━━━━━ INFORMATION GIVEN ━━━━━

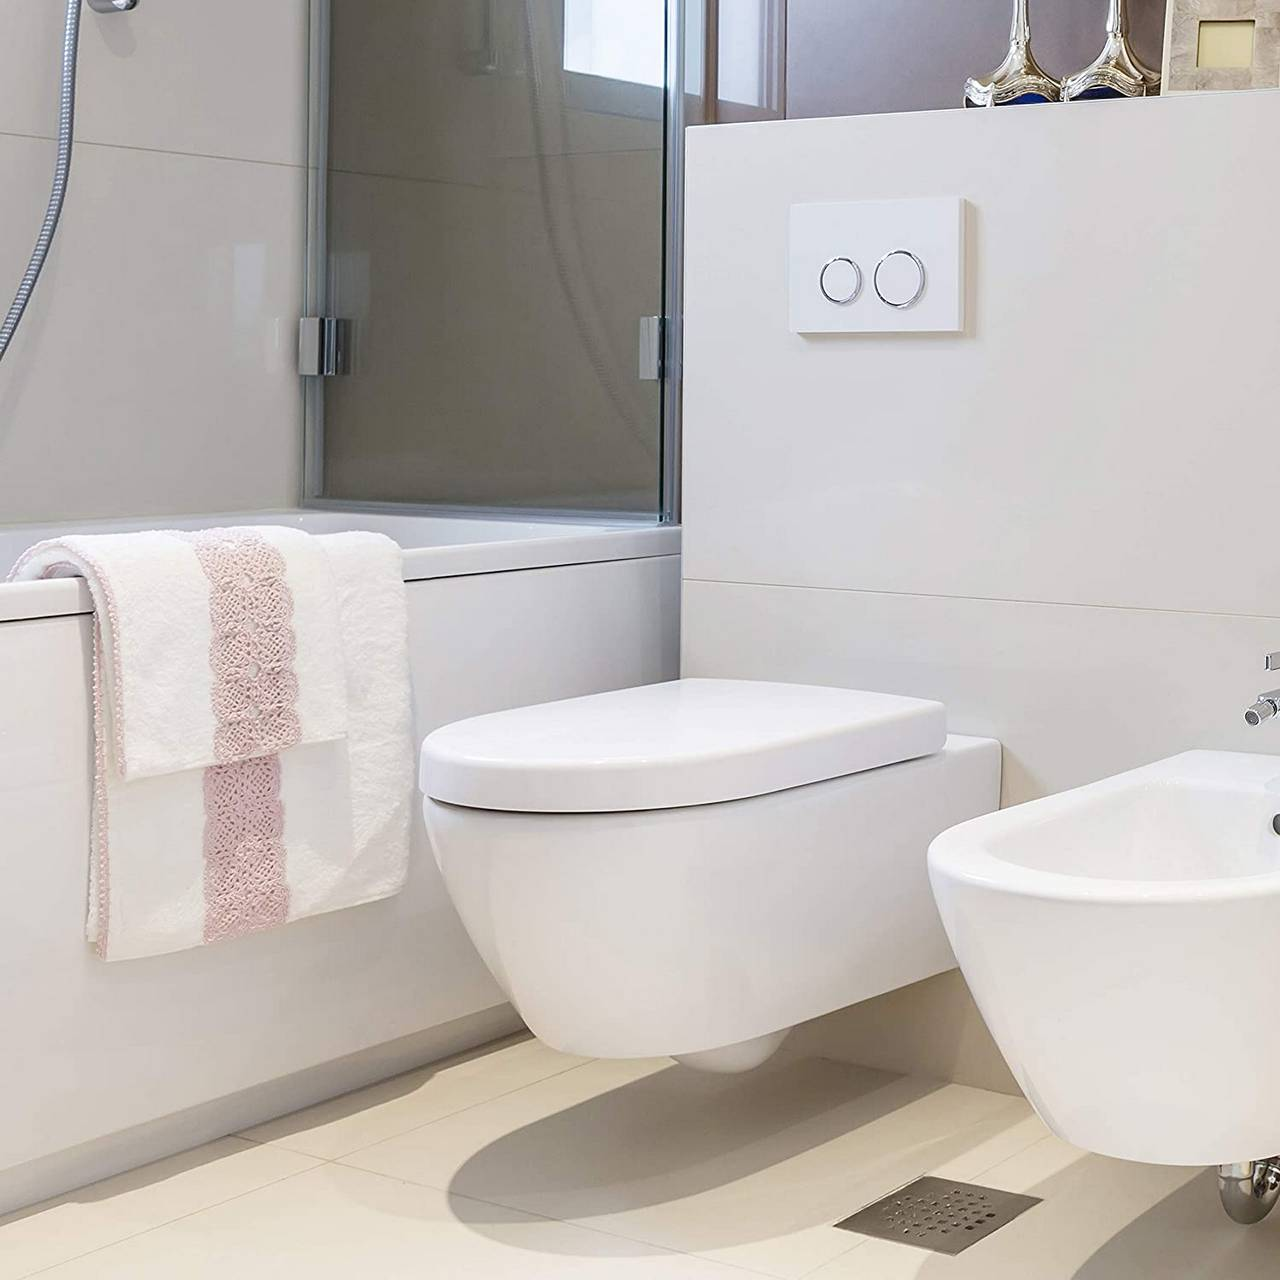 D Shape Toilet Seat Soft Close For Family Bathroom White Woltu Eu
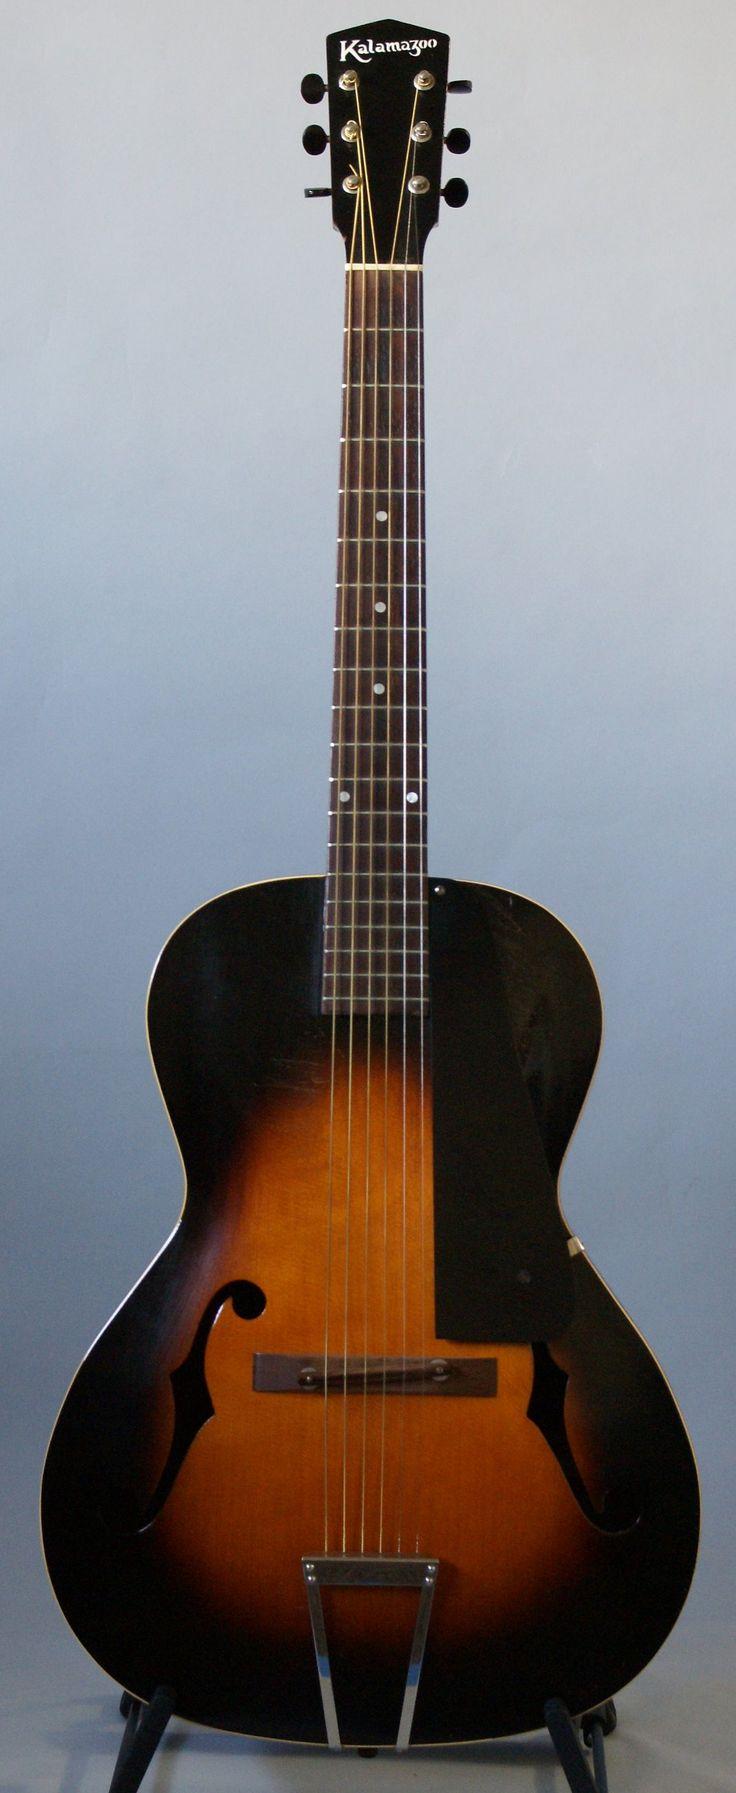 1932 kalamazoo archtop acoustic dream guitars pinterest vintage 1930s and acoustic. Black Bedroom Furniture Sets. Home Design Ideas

━━━━━
━━━━━ INFORMATION GIVEN ━━━━━

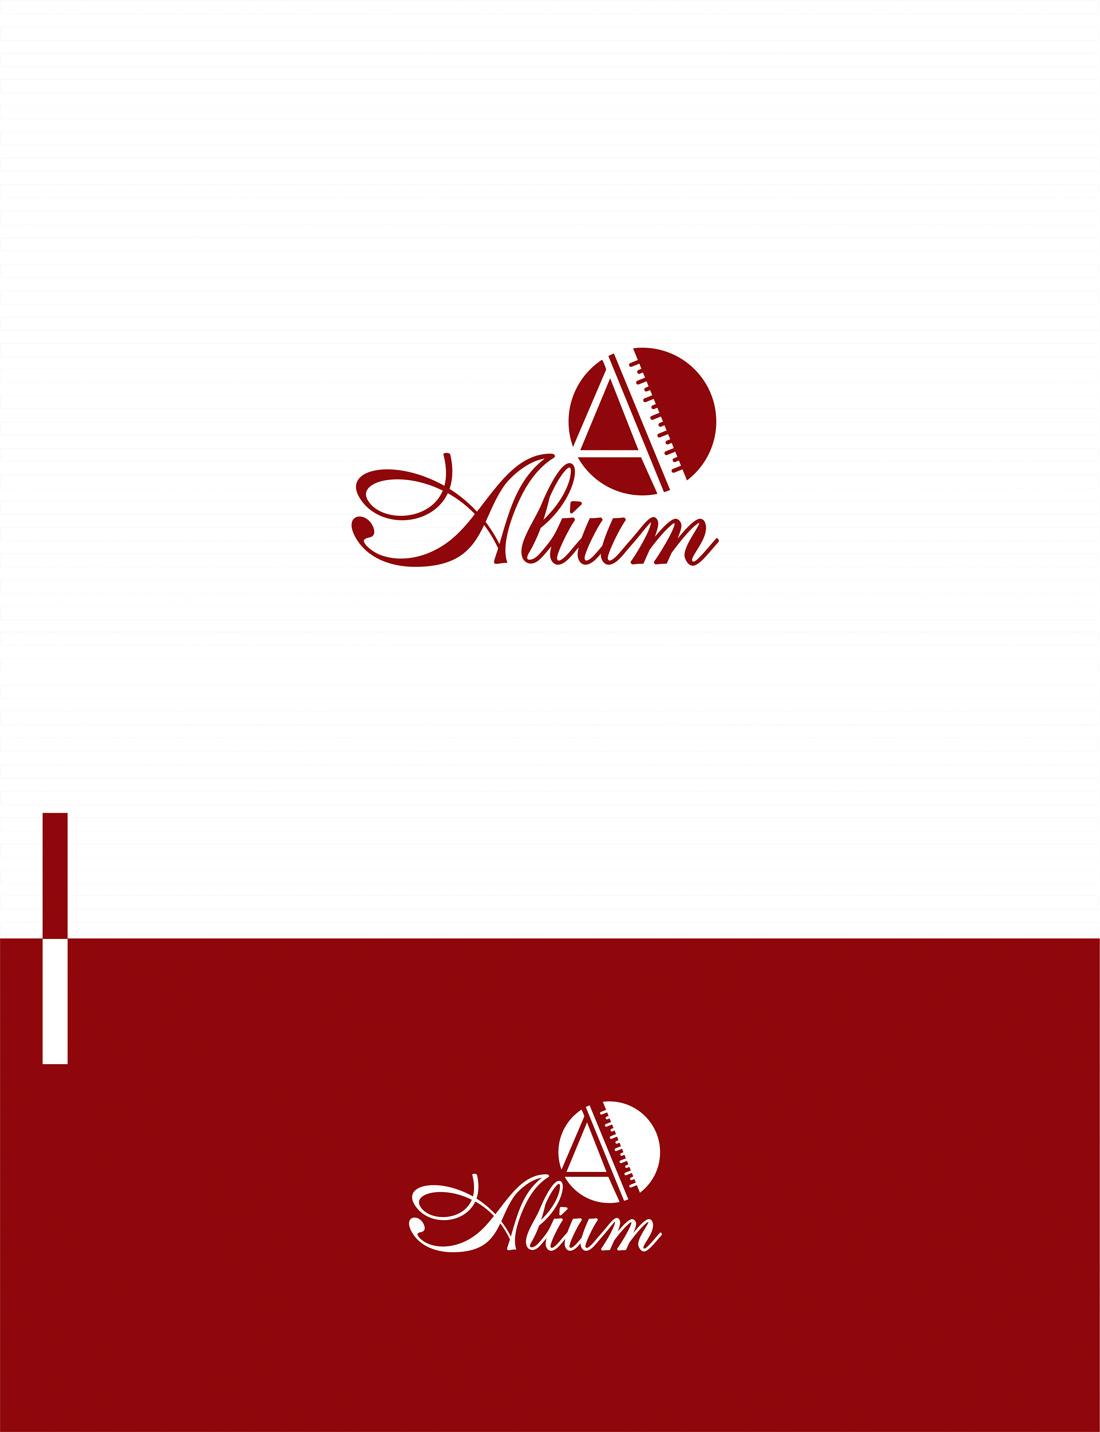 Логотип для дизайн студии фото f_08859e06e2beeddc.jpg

━━━━━

_THE TASK:_ The answer must be the lines above from the one containing "D Shape Toilet" through the one containing "1932 kalamazoo archtop", reproduced exactly, with no pictures and nothing else.

_SOLUTION TO THIS TASK:_
 D Shape Toilet Seat Soft Close For Family Bathroom White Woltu Eu
 1932 kalamazoo archtop acoustic dream guitars pinterest vintage 1930s and acoustic. Black Bedroom Furniture Sets. Home Design Ideas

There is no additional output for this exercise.